MySQL Query Optimization
Many PHP programmers who I have come across are unsure on how to optimize their MySQL queries.
I'm just going to provide a few tips on how to eliminate most causes of slow queries (on basic queries, I will go into more complex queries in another protip)
Always provide exactly what you want to retrieve back from the query, Never just select everything (*)
The reason for this is that if you don't use every bit of information which you are pulling back then it is wasted time and resources on doing this, another reason for doing this is to prevent the DB engine from enumerating the fields itself. It will know exactly what to get from what you have provided.The next thing is (where applicable) always limit your query results to a small set if you can. As you can see in the following example, you will only ever want one row returned as there should only ever be one user with the ID of 1. This again stops MySQL (in this case) from pulling back more data than needed (this is not the case in the below example as, again, there will only ever been one user with the ID of 1)
Unoptimized:
SELECT *
FROM users
WHERE users.id = 1;
Optimized
SELECT username, password, email, first_name, last_name
FROM users
WHERE users.id = 1
LIMIT 1;
I will get into the more complex queries, such as Joins and sub queries next protip.
Written by Richard Clifford
Related protips
3 Responses
The first optimization feels potentially counter-productive. How much time and resources are REALLY being saved by selecting exactly what you need and not using *?
Compare this to the tradeoff: not using * introduces development overhead.

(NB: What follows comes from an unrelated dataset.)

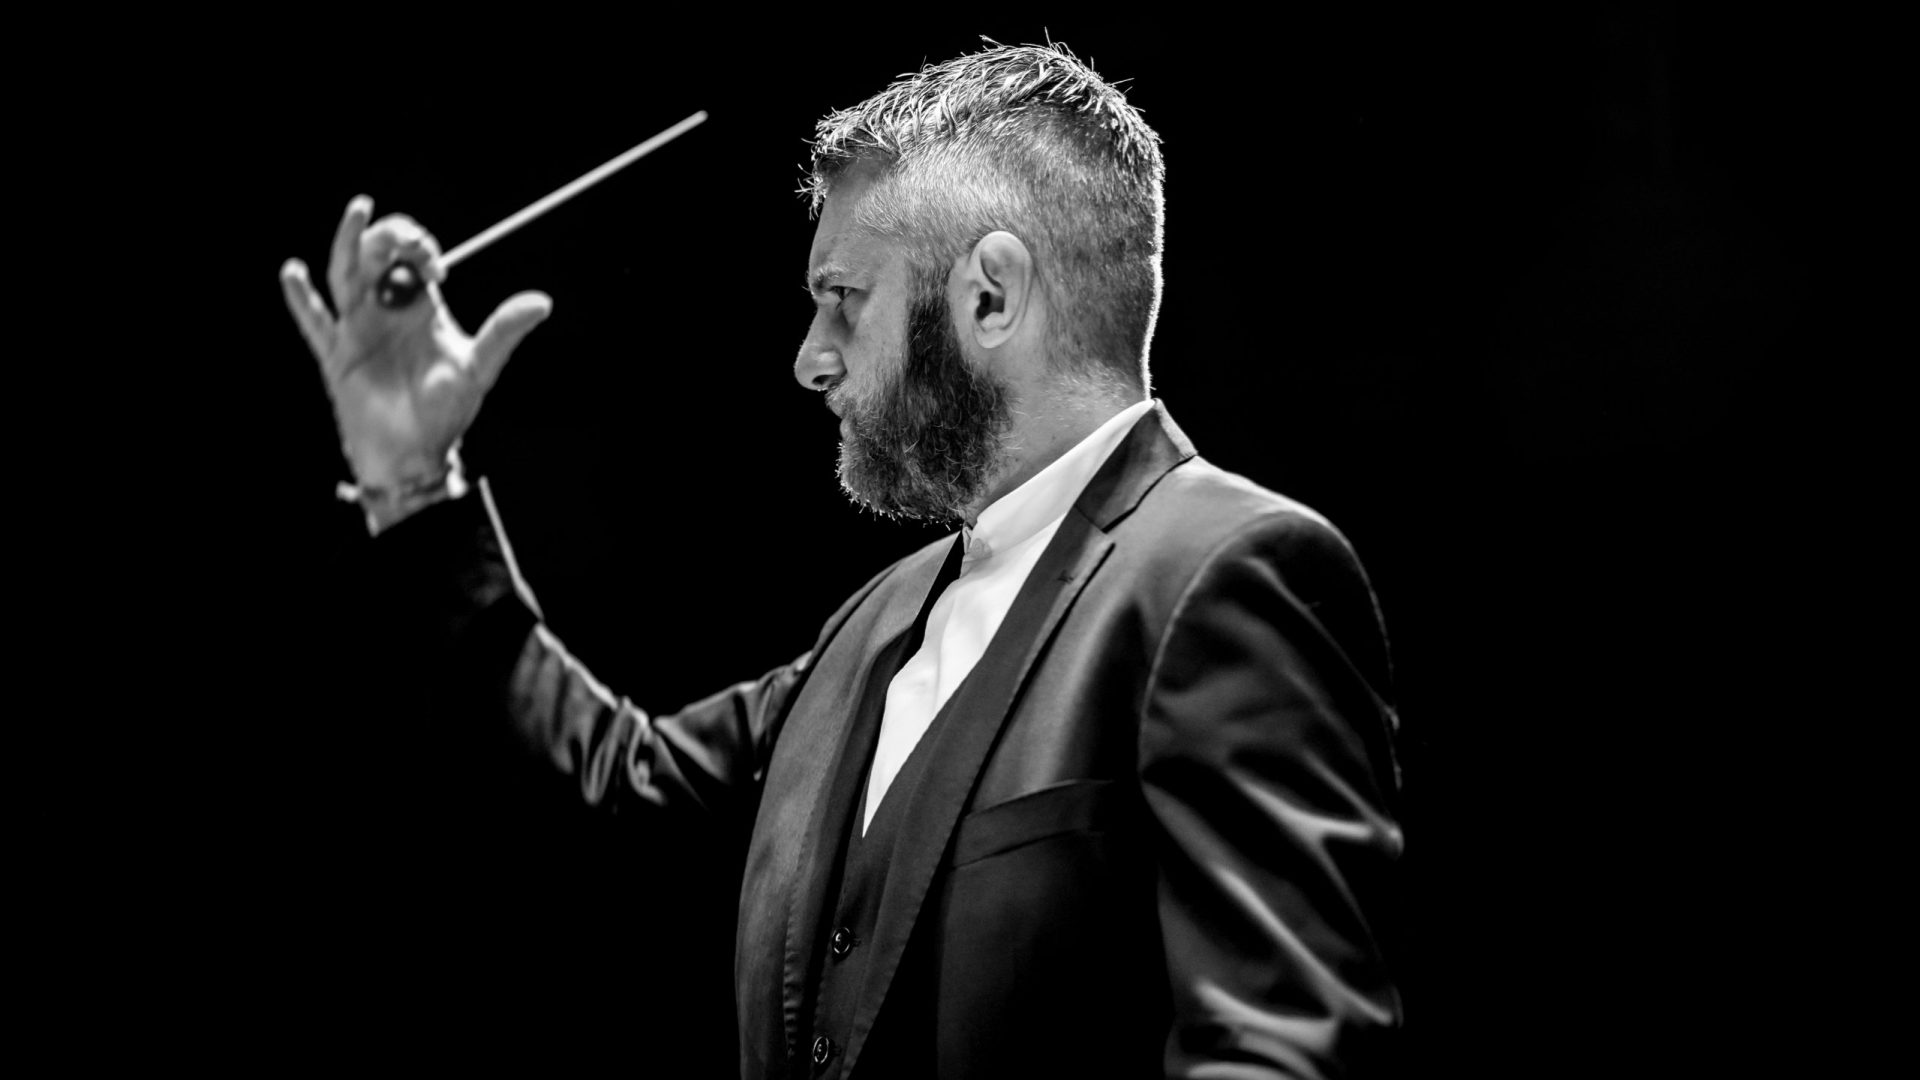 Conductor Kirill Karabits, Electrifying 2019/20 Season

If a column is changed, added, or removed, the query will have to be rewritten.
If you're developing for the web, then there are several other performance enhancements I would try before "selectively selecting." Eager loading, query caching, view caching (I come from a Rails background).
However, if you're writing some sort of background process that is fetching lots of data and needs a performance boost, I can see the value of foregoing SELECT *.
@smidwap A database schema once setup correctly shouldn't need to be changed, and if it does then you should be updating the version of the software which you are 'releasing', which means you should update the code to a newer version too.
It is a well known performance issue to not use * as it takes MySQL a while enumerate which columns are in that table and if you are not using all of the data that it brings back then it is wasted time for the server to process.
If I had a table with the following columns in it:
id, username, password, email, sex, dob, city, country, avatar
and I just wanted to check whether the username exists in the database, there would be no need for me to select * when I could just select username/id.
I couldn't agree with you more on the query caching and view caching, however I did state in the start of this 'ProTip' that it was a very basic query optimisation technique and that I will be going deeper into it when I have a moment to write up a good article.
Anyway, thanks for your feedback, much appreciated!
@smidwap for the data between your database -> application it can be a huge difference depending on the datatypes/sizes in each row. And this is compounded if the database -> application aren't on the same machine using sockets, and are using TCP/IP for the transit.
Your point on query caching makes this even worse, since your cache sizes are going to full up much quicker, since you run the risk of caching more data than you actually need/use - which could be considered wasteful.